Endurance by Alfred Lansing

 Endurance by Alfred Lansing from 1959 is a compelling book on the twenty-eight man Imperial Trans-Antarctic Expedition, led by Sir Ernest Shackleton. Much of the material was from diaries written during the trip as well as interviews Lansing did with some of the men and it's great detail on an incredible story.

The goal of the expedition was to cross the Antarctic continent from east to west and it set out for the Pole from South Georgia Island, east of the Falkland Islands off the coast of Argentina, on board the Endurance in December 1914. The ship roughly a month into the expedition was locked in by ice in the Weddell Sea just outside the Antarctic Circle. Shackleton hoped that the ship would eventually break free and the Endurance and its crew drifted with the ice floes frozen around it. However, the ice began to crush the ship and the men abandoned ship in October 1915.

The crew took what provisions they could from the ship along with three small boats and drifted on the ice until April 1916. The ice pack they were on then began to break apart and the crew was forced onto the three boats and after several perilous days at sea landed on Elephant Island in the northern tip of Antarctica. 

Shackleton and several of his crew launched from Elephant Island April 24, 1916 for the 850-mile voyage back to South Georgia Island seeking rescue. The journey was exceedingly dangerous, both getting to the island and then safely landing on it, and they arrived on May 10, 522 days after leaving South Georgia. They then had to make a treacherous crossing over the top of the island, with Shackleton and two others walking into Stromness Whaling Station on May 21, 1916. The men there were familiar with the expedition and presumed all hands had been lost at sea, with it compelling reading in the book of Shackleton and his men walking from the center of South Georgia Island into the whaling encampment.

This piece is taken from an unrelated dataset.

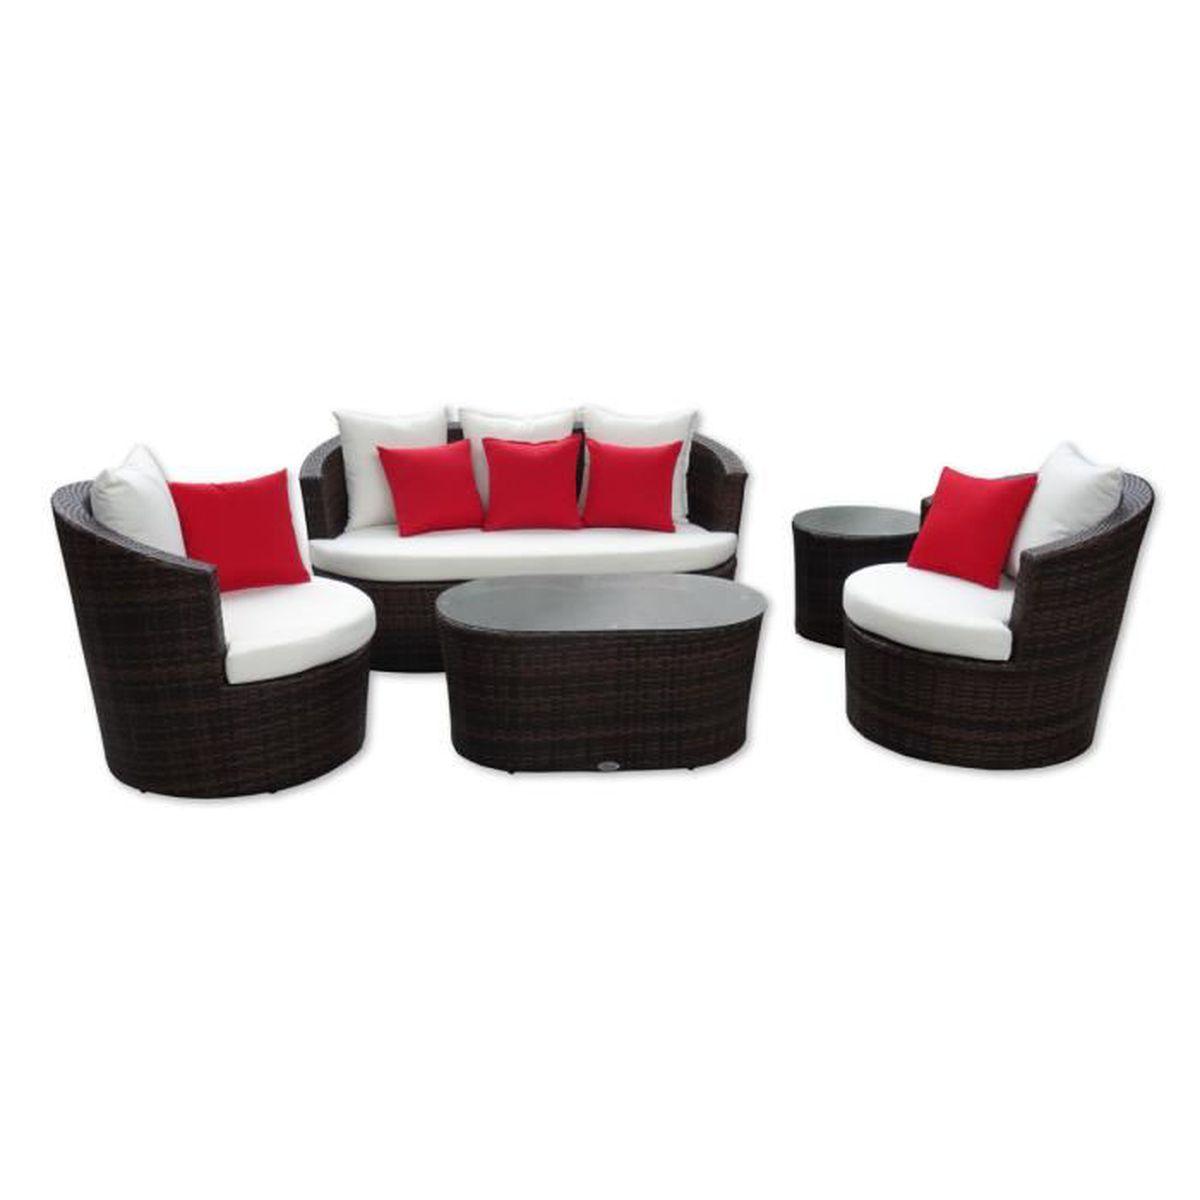 Salon de jardin poly rotin tressé - Ensemble meubles rond ...

The journey overland on South Georgia was the first recorded to have been done and Lansing notes that there wasn't another crossing of the island until almost 40 years later, and this done by expert climbers in proper gear.

Shackleton worked to secure a boat to return to Elephant Island to rescue the remaining crew and after several aborted attempts, picked them up on August 30, 1916. The book provides a great record of a remarkable battle to survive, with Shackleton and his men going from one almost impossible situation to another.